O Céu voltará para trás

j 

O Professor explica o tempo


“FILHO”, disse, “no seu atual estado você não tem como compreender a eternidade: quando Anodos olhou pela porta da eternidade ele não retornou com mensagem alguma. Mas você pode ter uma idéia dela se disser que tanto o bem quanto o mal, quando plenamente desenvolvidos, se tornam retrospectivos. Não somente este vale, mas todo o passado terreno deles terão sido um Céu para os que são salvos. Não apenas o crepúsculo naquela cidade, mas toda a vida na Terra será vista, então, pelos perdidos, como um Inferno. É isso que os mortais interpretam mal. A respeito de um sofrimento temporário eles dizem: ‘Não há bem-aventurança futura capaz de compensar isso’ – sem saber que o Céu, uma vez alcançado, terá efeito retroativo, tornando em glória até mesmo essa agonia. E quando se trata de algum prazer pecaminoso, dizem: ‘Deixe-me gozar só isso, e assumirei as conseqüências’ – sem ter a mínima noção de como a condenação terá efeito retroativo sobre o seu passado, contaminando todo o prazer trazido pelo pecado. Ambos os processos têm início até mesmo antes da morte.
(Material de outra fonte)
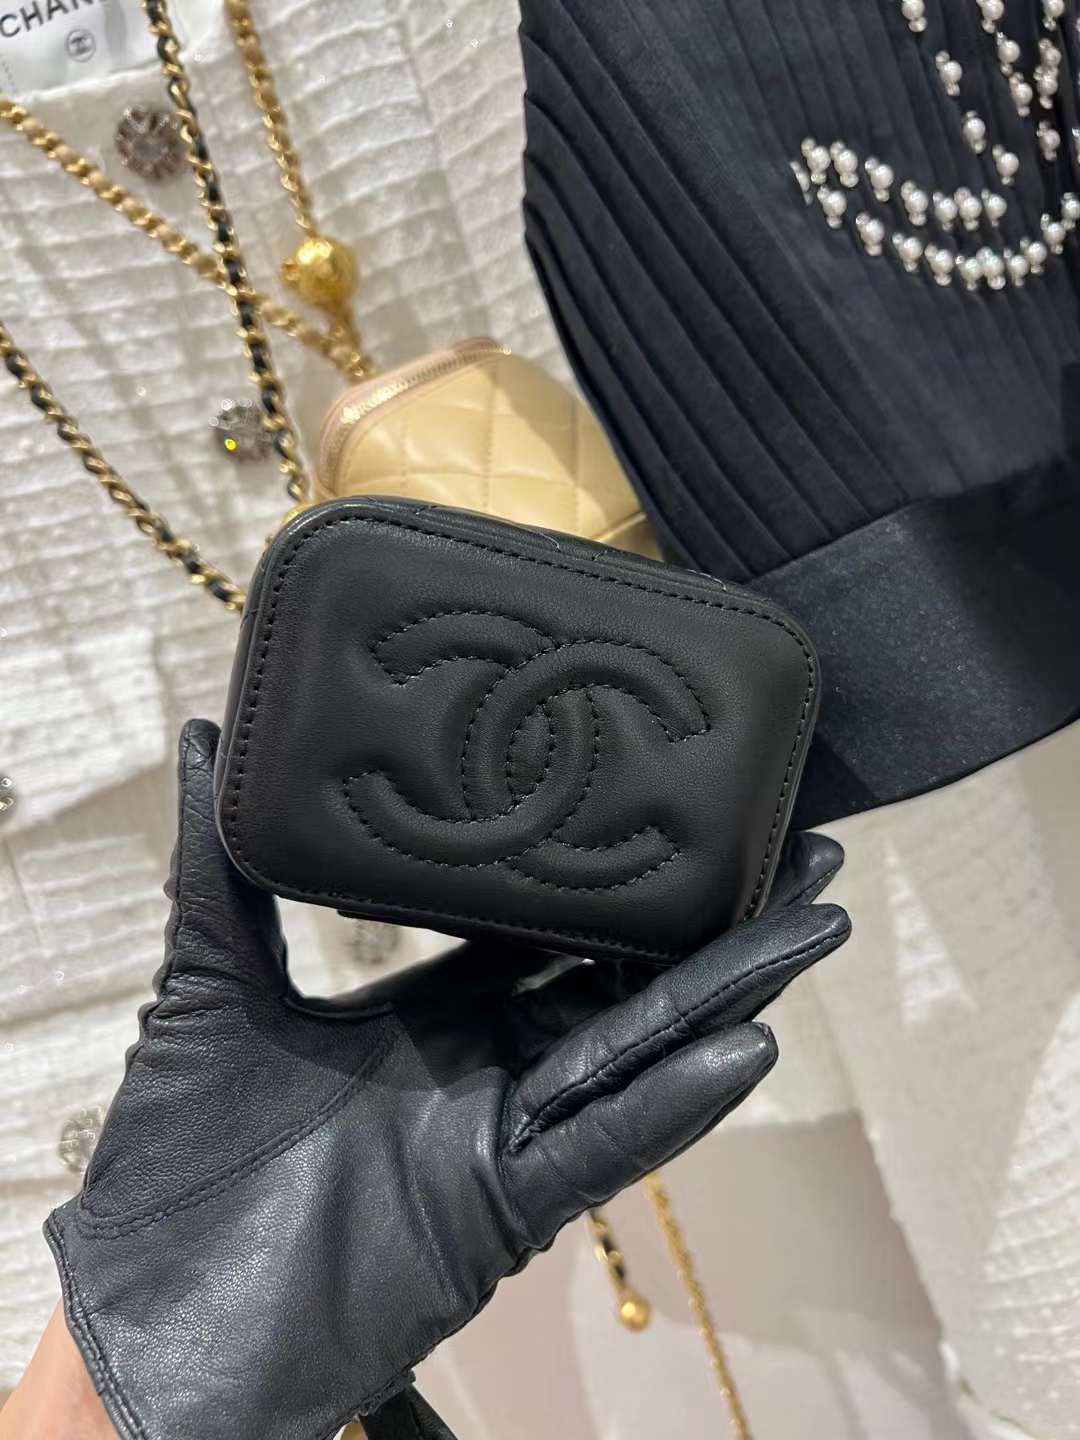 【P1020】香奈儿包包批发 Chanel多色羊皮升级版金球链条斜挎盒子包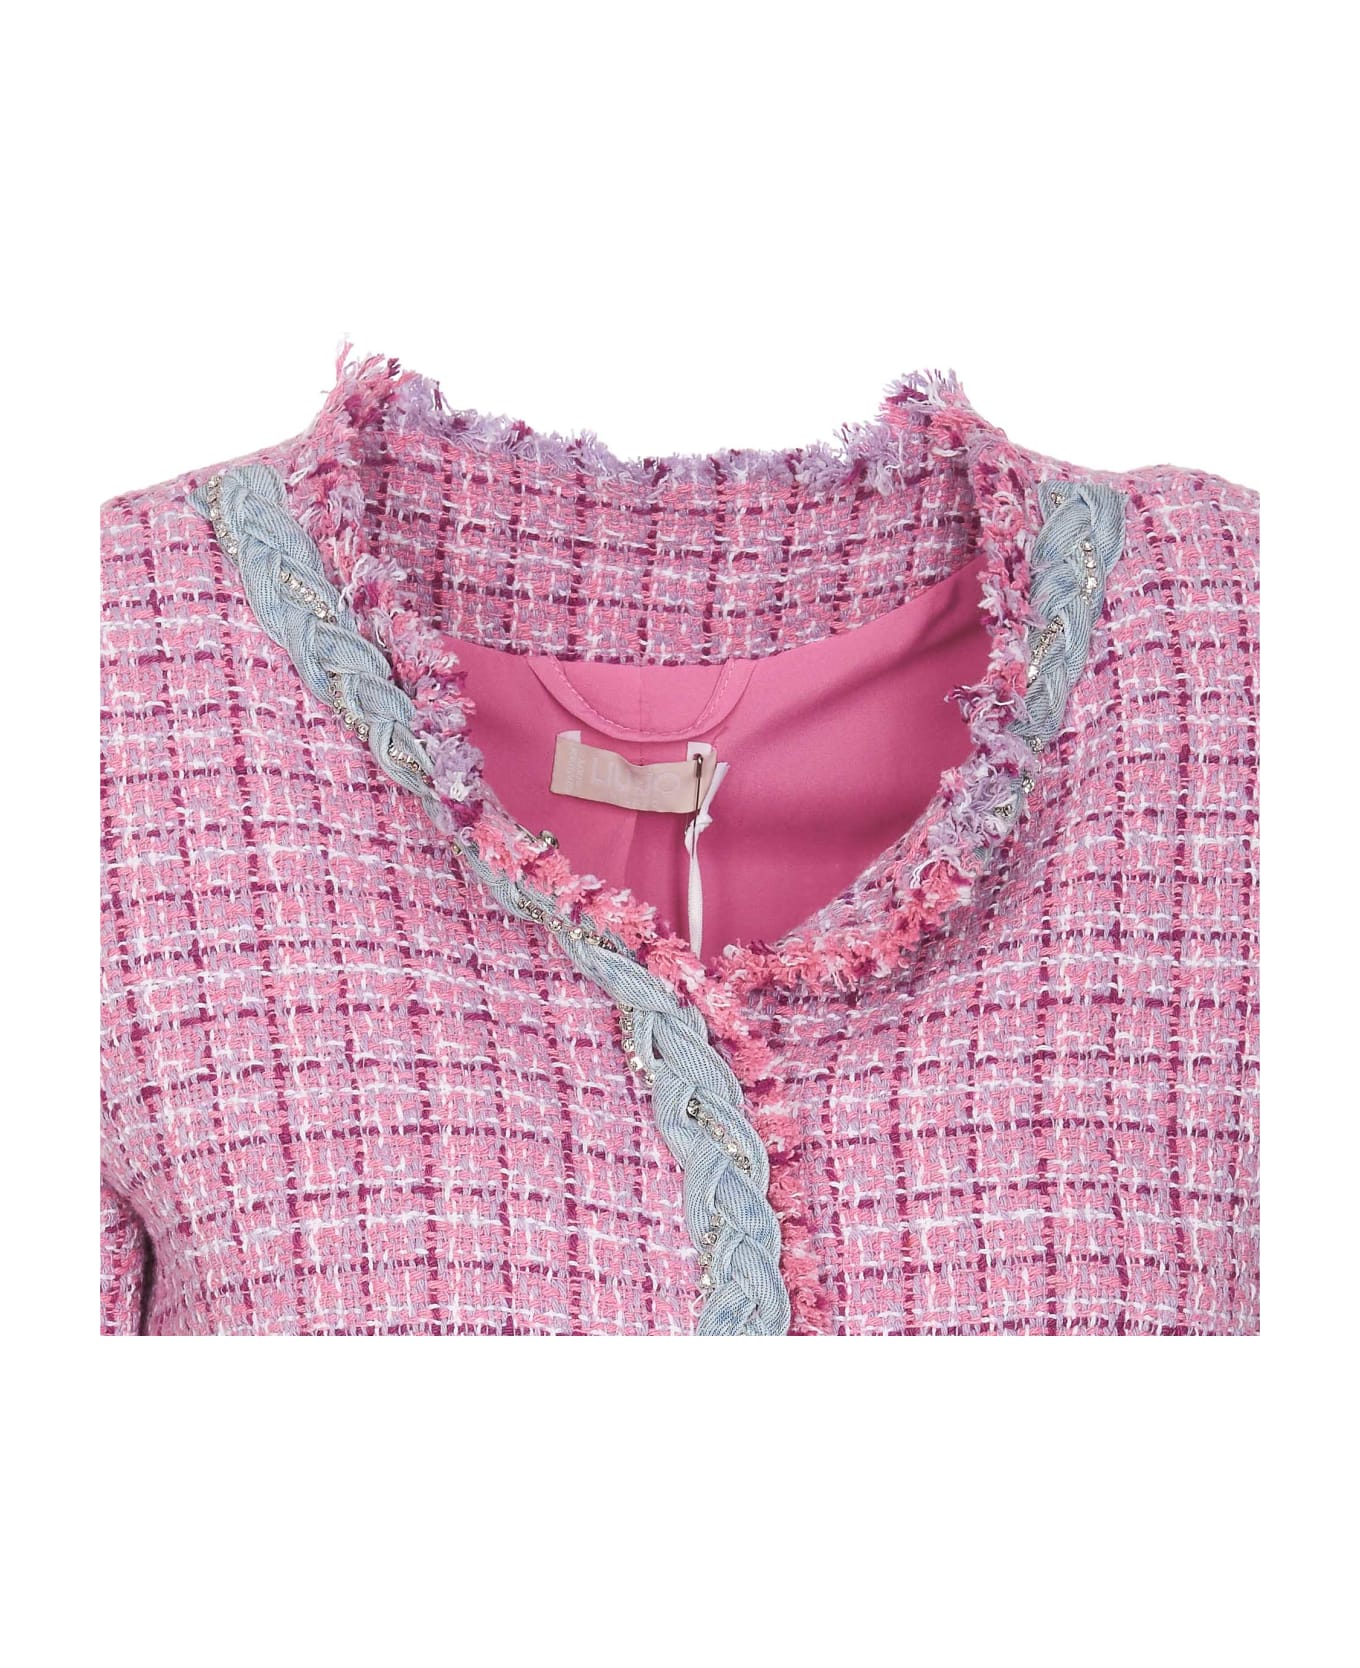 Liu-Jo Boucle' Jacket - Pink ブレザー

O passado do homem bom começa a modificar-se de forma tal que os seus pecados perdoados e sofrimentos lembrados passam a assumir o gostinho do Céu; o passado do homem mau já se conforma à sua maldade e se enche só de miséria. É por isso que no fim de tudo, quando o sol nascer aqui e o crepúsculo lá embaixo se transformar em trevas, os Abençoados dirão: ‘Jamais vivemos em outro lugar que não fosse o Céu.’ E os Perdidos dirão: ‘Sempre estivemos no Inferno.’ E ambos estarão dizendo a verdade.”
– de The Great Divorce [O Grande Abismo]


Retirada de Um Ano com C. S. Lewis (Editora Ultimato, 2005).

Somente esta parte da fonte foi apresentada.